Genel kabul görmüş tanıma göre; kişi kurum ya da kuruluşların dışarıdan ya da içerden
gelebilecek tehdit, taciz, sabotaj, yangın gibi olaylara karşı alınacak tedbirler zincirine
güvenlik denir. Güvenlik olgusu insan oğlunun var oluşundan bu tarafa ihtiyaç duyduğu en
büyük olgulardan biridir. İlk zamanlarda sadece can güvenliği insanlar için önemliyken, cilalı
taş devrinde yerleşik hayata geçilmesiyle farklı güvenlik alanları ortaya çıkmıştır. Yeni ve
farklı alanların ortaya çıkması güvenliği düşünülen ve koruma ihtiyacı artan yeni bir olgu
oluşturmuştur. Devirler değiştikçe bu gereksinim artmış ve güvenlik olgusu sistematik bir
şekil alarak özel mülkün ve kişilerin korunması olarak kalıplaştırılmıştır. Güvenlik kişisel
olarak alınan önlemler, sosyal devletin sorumluluğu gereği yaptığı koruma ve özel veya tüzel
kişilerin kendi imkânları dışında maddi olarak satın aldığı bir olgu olarak üç parametrede
incelenir. Güvenliğin sistemleşerek bir kalıp haline bürünmesi zaman geçtikçe kanunlarla
desteklenen bir şekil alarak yasal bir zemine oturtulmuştur. Özel güvenliğin gerekli mali
tablonun büyüklüğü ve kullandığı insan kaynağının ne denli büyük bir istihdam sağladığı
göze alınırsa, güvenlik alanında ne kadarda önemli olduğu anlaşılır.
İsviçre Cenevre Üniversitesi Uluslararası Mezunlar Enstitüsü ve Kalkınma
Araştırmaları’ndan bir grup uzmanın hazırladığı yıllık rapor, özel güvenlik endüstrisinin tüm
dünyada hızla büyüme kaydettiğini ve hükümetlerin polis alımından 2 kat daha fazla sayıda
kişiyi özel güvenlik şirketleri tarafından güvenlik görevlisi olarak işe aldığını ortaya çıkarmıştır.
Dünyada kayıtlı özel güvenlik görevlisi sayısının son 20-30 yılda yüzde 200-300 oranında bir
artış göstererek 20 milyonu bulduğu tespit edilmiştir.

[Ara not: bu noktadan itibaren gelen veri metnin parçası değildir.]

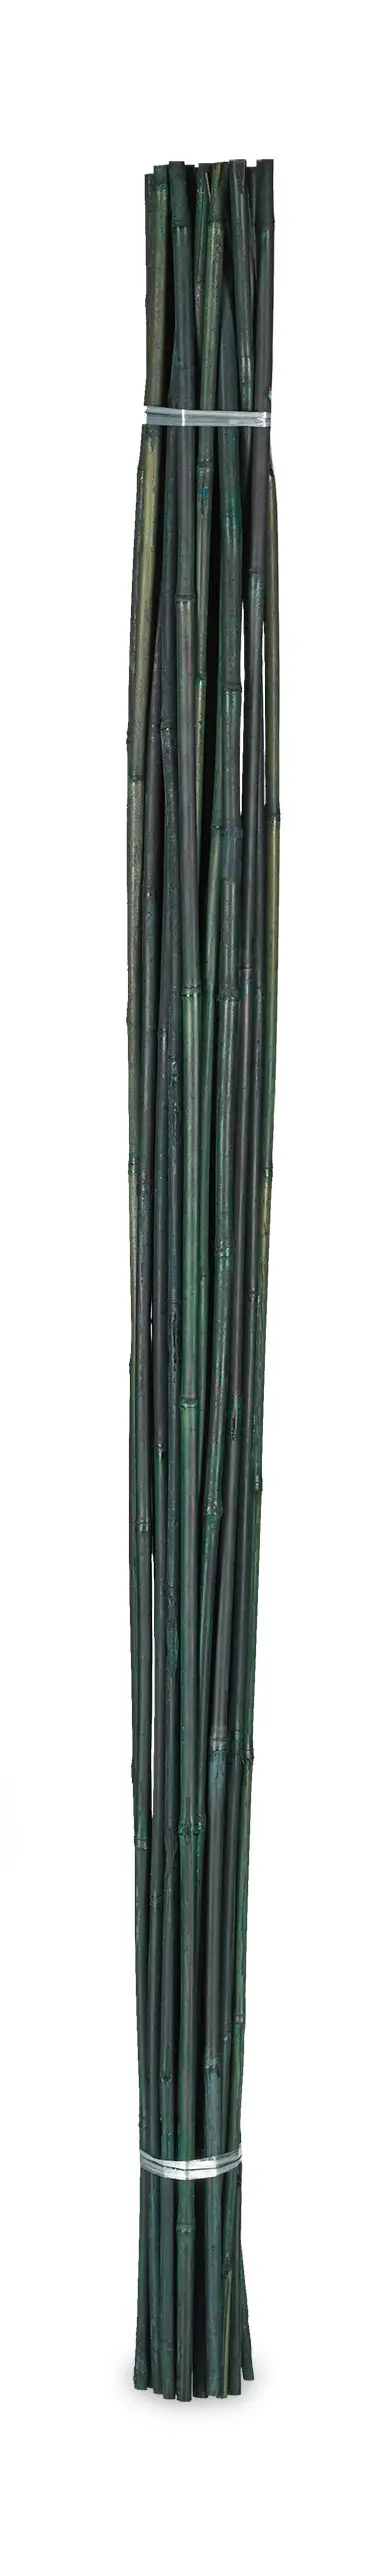 Bambus Pflanzst盲be 25er Set 150 cm

Yeryüzündeki özel güvenlik firmaları dünya piyasalarında, 2011 yılı ortalama verilerine
göre 100 milyar dolardan fazla bir pazar payına sahiptir. Hâlihazırda Avrupa Birliği ülkelerinde
özel güvenlik sektörü 1,7 milyon çalışanı, 50.000 şirketi ve 15 milyar € yıllık geliri ile önemlibir
sektördür. İngiltere 220 bin kişi ile güvenlik sektöründe istihdam açısından Avrupa lideridir.
Ülkemizde ise özel güvenlik sektörü 3 milyar dolarlık bir pazar oluşturmakta, 213.718 bin kişi
ile istihdama önemli katkılar sağlamakta ve Avrupa’da ikinci sırada bulunmaktadır. Türkiye
özel güvenlik sektörünün 2012 yılında 10 bin kişiyi daha iş imkânı sağladığı tahmin edilmekte
ve bu büyüme hızıyla çok yakın bir gelecekte Avrupa lideri olacağı değerlendirilmektedir.
Güvenlik Servisleri Organizasyon Birliği Derneği (GÜSOD) bilgilerine göre, Türkiye’de
özel güvenlik yasasının çıkışı ile yıllara göre özel güvenlik şirketi ve özel güvenlik eğitim
kurumu sayılarında büyük bir artış görülmektedir. GÜSOD 2000 yılında Avrupa Güvenlik
Servisleri Konfederasyonu’na (CoESS) katılımcı üye (associated member) olmuştur. AB üyesi
olmayan ülkelere tanınan bu üyelik olanağını çok iyi kullanan Dernek, güvenlik konusunda
Avrupa çapında övgüyle karşılanan çabaları sonucu, Konfederasyon’un Tüzüğünde değişiklik
yapılmasını sağlayarak, 28 Ocak 2004’te Brüksel’deki CoESS Yönetim Kurulu’nda tüm diğer
AB üyesi ülkelerle eşit statüde tam üyeliğini (active member) kabul ettirmiştir. Türkiye’nin
AB’ye üyelik süreci ile ilgili çalışmalar devam ederken buna paralel olarak Özel Güvenlik
Sektörü’nün temsilci kuruluşları AB’ de var olan mütekabil kuruluşlarına üye olarak kabul
edilmişlerdir. Sektör açısından ve genel olarak ülkemiz açısından önemli bir gelişmedir.